* _Records from a collection_
⟨

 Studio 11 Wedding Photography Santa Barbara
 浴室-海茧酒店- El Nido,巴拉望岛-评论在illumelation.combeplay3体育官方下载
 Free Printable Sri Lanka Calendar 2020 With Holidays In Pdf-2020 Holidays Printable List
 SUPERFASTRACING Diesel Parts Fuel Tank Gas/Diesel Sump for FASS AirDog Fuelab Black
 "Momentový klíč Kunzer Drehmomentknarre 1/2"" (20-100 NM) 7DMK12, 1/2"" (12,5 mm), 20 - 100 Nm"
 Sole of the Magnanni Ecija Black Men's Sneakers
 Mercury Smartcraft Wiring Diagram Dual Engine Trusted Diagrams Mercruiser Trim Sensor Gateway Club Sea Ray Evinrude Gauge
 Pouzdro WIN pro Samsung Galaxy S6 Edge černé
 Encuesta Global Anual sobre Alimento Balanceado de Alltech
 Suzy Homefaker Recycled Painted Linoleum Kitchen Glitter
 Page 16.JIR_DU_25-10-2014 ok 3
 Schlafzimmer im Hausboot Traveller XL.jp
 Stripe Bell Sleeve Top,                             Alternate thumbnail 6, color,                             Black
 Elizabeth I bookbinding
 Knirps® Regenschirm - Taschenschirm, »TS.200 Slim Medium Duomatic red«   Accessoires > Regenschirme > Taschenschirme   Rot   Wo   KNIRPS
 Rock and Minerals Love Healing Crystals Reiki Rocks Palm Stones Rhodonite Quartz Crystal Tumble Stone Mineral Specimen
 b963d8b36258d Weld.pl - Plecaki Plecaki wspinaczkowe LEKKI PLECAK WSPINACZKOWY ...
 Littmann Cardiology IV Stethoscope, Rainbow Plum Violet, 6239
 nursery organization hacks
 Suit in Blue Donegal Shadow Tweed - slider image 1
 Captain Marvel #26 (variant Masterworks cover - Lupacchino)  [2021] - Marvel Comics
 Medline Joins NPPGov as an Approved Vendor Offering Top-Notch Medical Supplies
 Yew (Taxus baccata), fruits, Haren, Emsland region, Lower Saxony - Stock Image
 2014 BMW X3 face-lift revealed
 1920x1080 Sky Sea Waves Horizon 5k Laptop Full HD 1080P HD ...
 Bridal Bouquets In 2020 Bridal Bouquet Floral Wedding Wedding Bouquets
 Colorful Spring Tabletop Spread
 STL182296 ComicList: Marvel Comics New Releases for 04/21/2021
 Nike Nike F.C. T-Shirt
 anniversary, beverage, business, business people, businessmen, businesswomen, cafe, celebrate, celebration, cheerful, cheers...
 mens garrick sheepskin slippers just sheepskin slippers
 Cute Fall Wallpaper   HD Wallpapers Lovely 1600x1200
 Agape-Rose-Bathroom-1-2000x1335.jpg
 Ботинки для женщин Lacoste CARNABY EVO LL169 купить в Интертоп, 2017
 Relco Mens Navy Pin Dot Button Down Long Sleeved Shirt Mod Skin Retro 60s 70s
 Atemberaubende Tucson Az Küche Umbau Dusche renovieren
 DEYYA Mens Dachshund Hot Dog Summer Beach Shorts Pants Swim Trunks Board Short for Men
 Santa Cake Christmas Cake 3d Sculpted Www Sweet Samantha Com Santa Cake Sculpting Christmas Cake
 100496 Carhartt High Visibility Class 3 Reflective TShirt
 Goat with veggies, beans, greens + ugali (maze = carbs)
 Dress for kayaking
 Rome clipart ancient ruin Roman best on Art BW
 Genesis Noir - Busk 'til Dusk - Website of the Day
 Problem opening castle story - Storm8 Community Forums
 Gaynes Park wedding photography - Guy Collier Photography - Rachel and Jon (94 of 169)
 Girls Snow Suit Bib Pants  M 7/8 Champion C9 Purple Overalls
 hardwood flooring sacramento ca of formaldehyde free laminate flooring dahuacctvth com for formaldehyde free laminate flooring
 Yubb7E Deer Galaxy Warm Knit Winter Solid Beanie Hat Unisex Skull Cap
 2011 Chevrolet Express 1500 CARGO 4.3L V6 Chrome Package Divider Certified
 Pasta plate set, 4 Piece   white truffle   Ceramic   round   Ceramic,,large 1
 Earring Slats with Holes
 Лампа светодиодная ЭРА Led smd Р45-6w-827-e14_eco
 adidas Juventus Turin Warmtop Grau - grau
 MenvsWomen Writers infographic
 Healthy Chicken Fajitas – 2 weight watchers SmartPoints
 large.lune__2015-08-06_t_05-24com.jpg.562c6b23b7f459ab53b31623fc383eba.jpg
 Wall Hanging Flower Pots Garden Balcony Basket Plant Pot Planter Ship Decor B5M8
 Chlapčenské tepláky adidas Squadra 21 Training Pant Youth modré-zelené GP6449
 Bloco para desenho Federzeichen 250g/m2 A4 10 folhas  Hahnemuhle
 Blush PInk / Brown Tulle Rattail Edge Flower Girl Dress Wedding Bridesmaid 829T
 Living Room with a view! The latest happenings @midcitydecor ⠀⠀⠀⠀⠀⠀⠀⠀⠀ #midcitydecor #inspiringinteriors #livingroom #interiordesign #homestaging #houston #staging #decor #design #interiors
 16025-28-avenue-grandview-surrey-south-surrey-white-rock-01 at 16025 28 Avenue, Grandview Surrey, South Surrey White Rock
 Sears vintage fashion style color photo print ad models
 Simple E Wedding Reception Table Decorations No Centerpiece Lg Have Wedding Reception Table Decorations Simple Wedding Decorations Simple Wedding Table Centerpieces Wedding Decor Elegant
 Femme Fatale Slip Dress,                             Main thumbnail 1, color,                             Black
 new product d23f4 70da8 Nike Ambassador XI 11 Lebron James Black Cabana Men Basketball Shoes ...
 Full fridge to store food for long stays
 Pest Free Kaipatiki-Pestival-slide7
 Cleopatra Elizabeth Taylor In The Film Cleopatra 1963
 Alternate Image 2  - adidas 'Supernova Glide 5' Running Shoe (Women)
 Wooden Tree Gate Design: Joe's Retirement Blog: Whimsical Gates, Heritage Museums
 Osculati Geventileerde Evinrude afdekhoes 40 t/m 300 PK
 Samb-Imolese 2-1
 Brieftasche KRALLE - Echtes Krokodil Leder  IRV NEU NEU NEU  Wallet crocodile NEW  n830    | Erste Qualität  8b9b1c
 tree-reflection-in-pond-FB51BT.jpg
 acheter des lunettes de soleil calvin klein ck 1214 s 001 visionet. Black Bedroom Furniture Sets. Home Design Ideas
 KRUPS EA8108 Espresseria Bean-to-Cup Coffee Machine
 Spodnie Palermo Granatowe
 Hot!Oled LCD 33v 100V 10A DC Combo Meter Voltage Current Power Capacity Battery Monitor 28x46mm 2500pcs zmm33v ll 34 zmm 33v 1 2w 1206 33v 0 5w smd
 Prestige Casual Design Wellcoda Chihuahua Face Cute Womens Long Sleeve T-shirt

⟩

* _Directions_
What is the number of lines in the data that contain "Dress"? Write that number and nothing else.

* _Exercise response_
3